There is a trade-off here between the vocabulary size (the number of unique tokens) and the sequence length (the number of tokens in the sequence).

Beyond UTF-8 for tokenization: byte pair encoding (BPE) algorithm. Idea is minting new token from commonly co-occuring tokens. Do this iteratively to decrease sequence length and increase vocabulary size. A good vocabulary size is about 100,000 possible tokens.

Visualization of tokenization in various models

Tokenization is kinda evil as it is done for efficiency reasons and brought about many deficiencies in LLMs (e.g., models can’t count, etc.). Many people are interested in training character-level models.

We sample a randomly-sized window from the tokenized sequence (we decide a maximum window size, e.g., 8000 tokens). We call this the context window and the goal is to predict the next token.

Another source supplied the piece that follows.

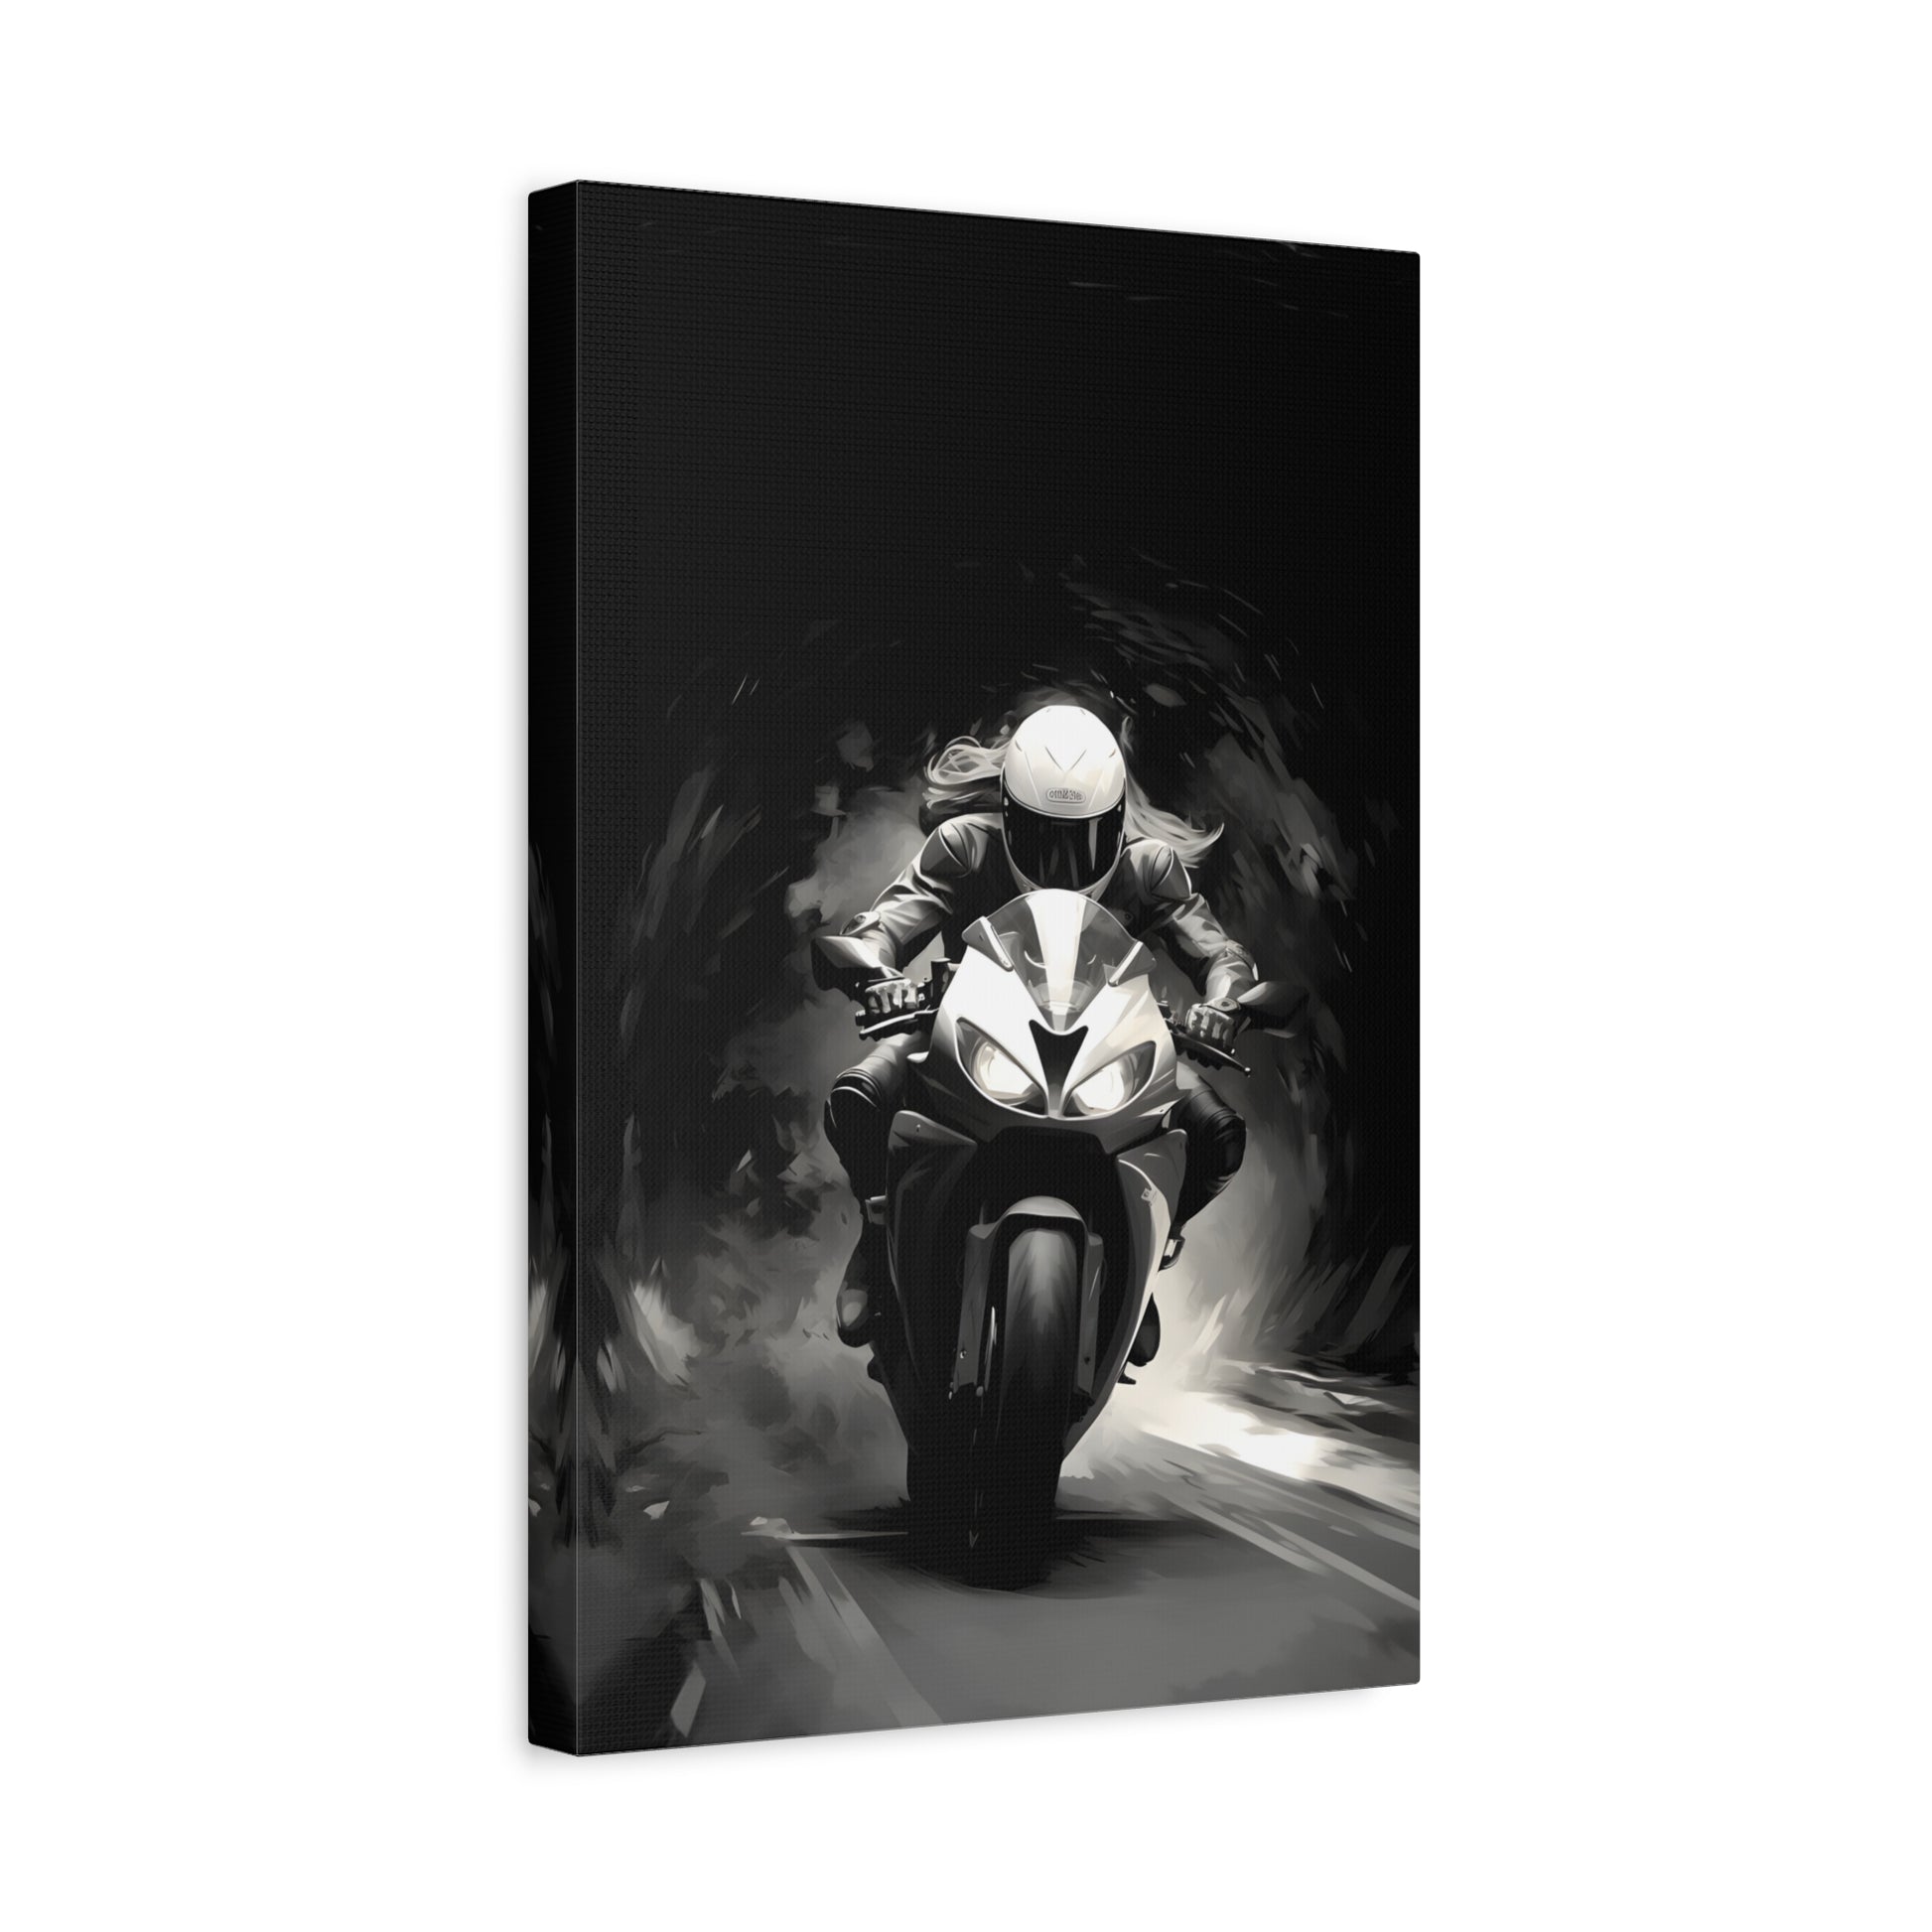 Female Night Biking (Canvas)Female Night Biking (Canvas  Matte finish, stretched, with a depth of 1.25 inches)
Struggling with low-quality canvases? Switch to RimaGallery! Our canvases are moreRimaGallery

The context window is the input into the neural network. The output is n probabilities with n being the maximum vocabulary size. The probabilities are the likelihood of each token being the next token.

The neural network parameters (weights and biases) are initialized randomly. We then use backpropagation to update the parameters for the results to more closely match the actual next token in the sequence.

This process happens in parallel with many batches of context windows.

Visualization of LLM architecture

To generate data, just predict one token at a time.

Forward pass gives the probabilities of the next token. Sampling these probabilities gives the next token. Append this token to the context window and repeat.

Visualization of inference

In training, the most probable token in the output distribution is picked to calculate the loss.

However, in inference, we want diversity because we do not know what the best answer is (i.e., no ground truth). So we use specific algorithms to determine the next best token to pick into the context window:

  1. Beam search: keep track of the top k most probable tokens at each step and expand them in parallel. At the end, pick the most probable sequence
  2. Greedy search: pick the most probable token at each step. As with greedy algorithms, this is not guaranteed to be optimal

Post-training (supervised fine-tuning, SFT)

Section titled “Post-training (supervised fine-tuning, SFT)”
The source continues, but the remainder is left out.